A junior anaesthetist grabbed a syringe, then scrabbled around on the trolley and picked up a vial.

One of the nurses said, ‘We need to get Draguta to an eye hospital.’

‘Where’s the English girl? Caitlin? Where is she?’

Blank, dazed eyes stared at her.

‘WHERE IS THE ENGLISH GIRL?’ Marlene Hartmann shouted.

117

The roundabouts were getting worse. Caitlin, freezing cold, sleet tickling her face every few seconds, bumped against the wall, pushed herself away and almost fell over. It was an effort to move her feet. She dragged one, then the other. She was almost at the front of the building now. She could see a car park. Rows and rows of vehicles.

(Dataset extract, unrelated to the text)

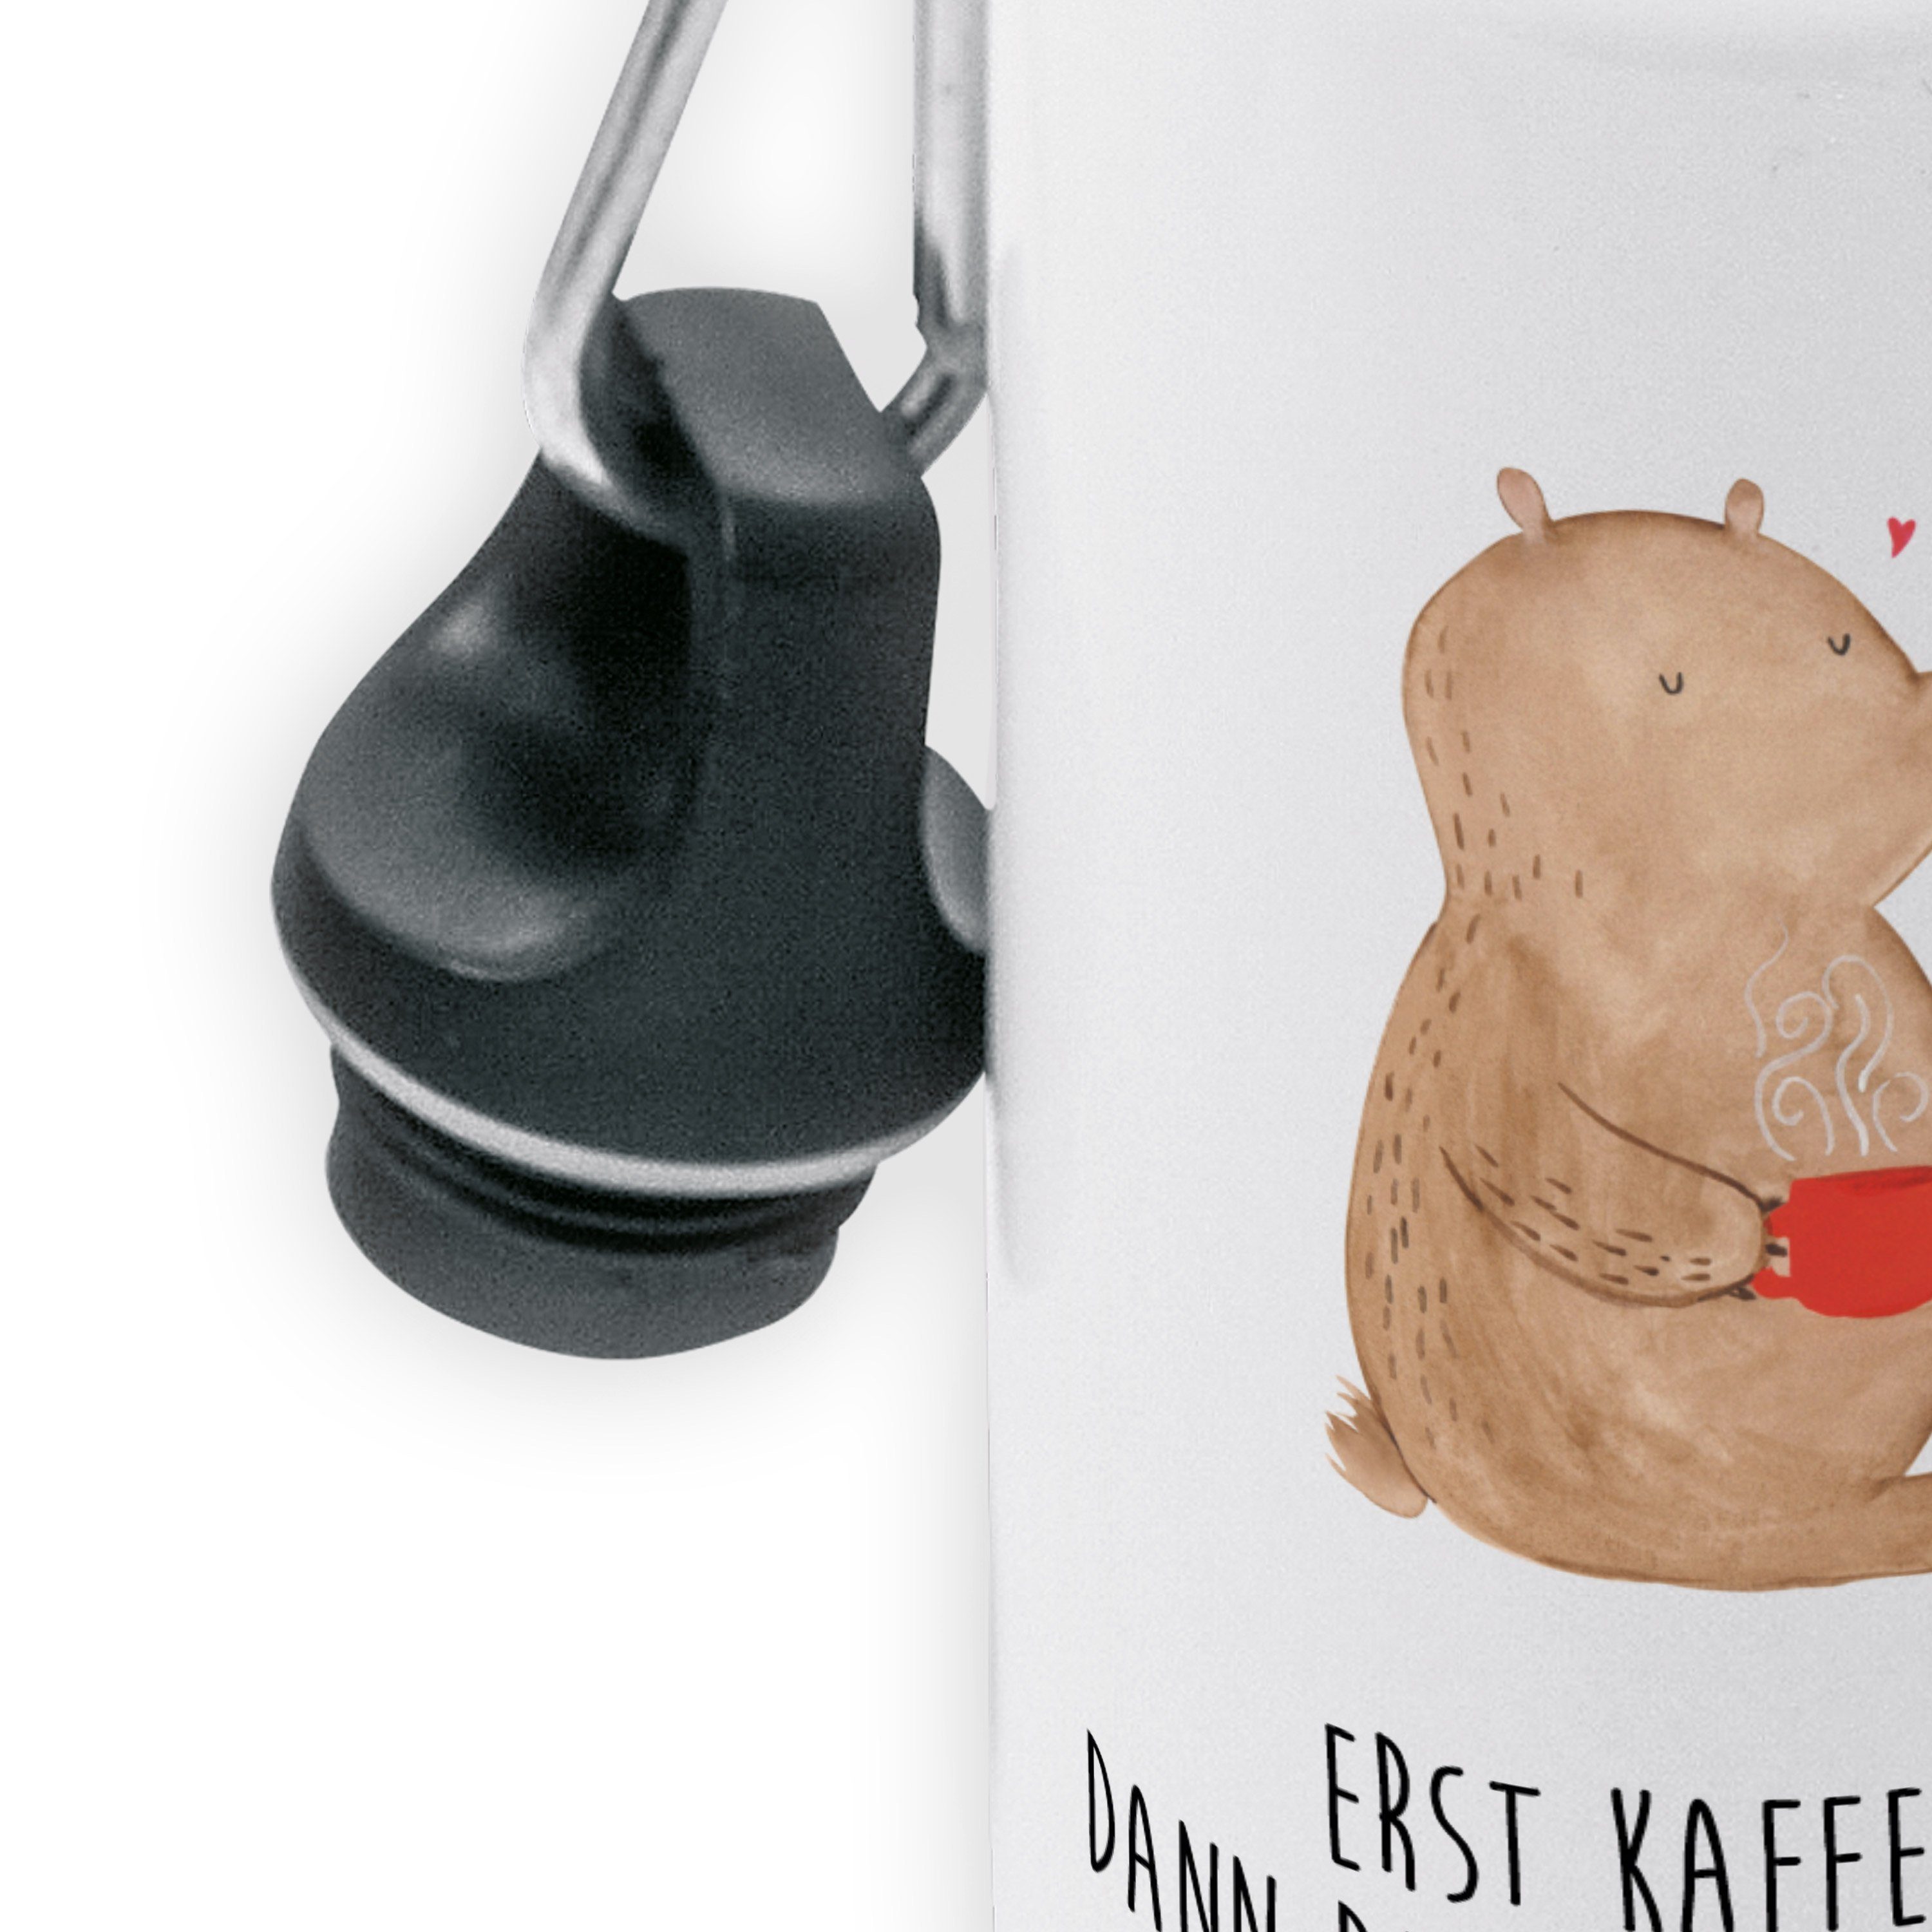 Mr. Bär Bären, Flasche, - Geschenk, Trinkflasche Kaffee Kindergarten Grundschul Weiß Mrs. Panda & -

They came in and out of focus.

She stumbled through a flowerbed and nearly fell. Her iPod, dangling from a wire, tapped against her knee. She itched terribly.

They’re going to be angry with me. Mum. Luke. Dad. Gran. Shit, they’re going to be angry with me. Shit. Angry. Shit. Angry.

Above her was a terrible, loud, clattering roar.

She looked up, furiously scratching her chest. A few hundred feet above her head she saw a dark blue and yellow helicopter, like a huge mutant insect. And she saw the word police along its side.

Shit. Shit. Shit. They were coming to arrest her for stabbing the nurse.

She pressed against the wall, gulping air, fighting for every breath. The wall was moving, swaying. She inched forward. Saw the circular driveway. The helicopter swept away, making a wide arc. Then she saw a taxi, the same turquoise and white colours as the one that had brought them here.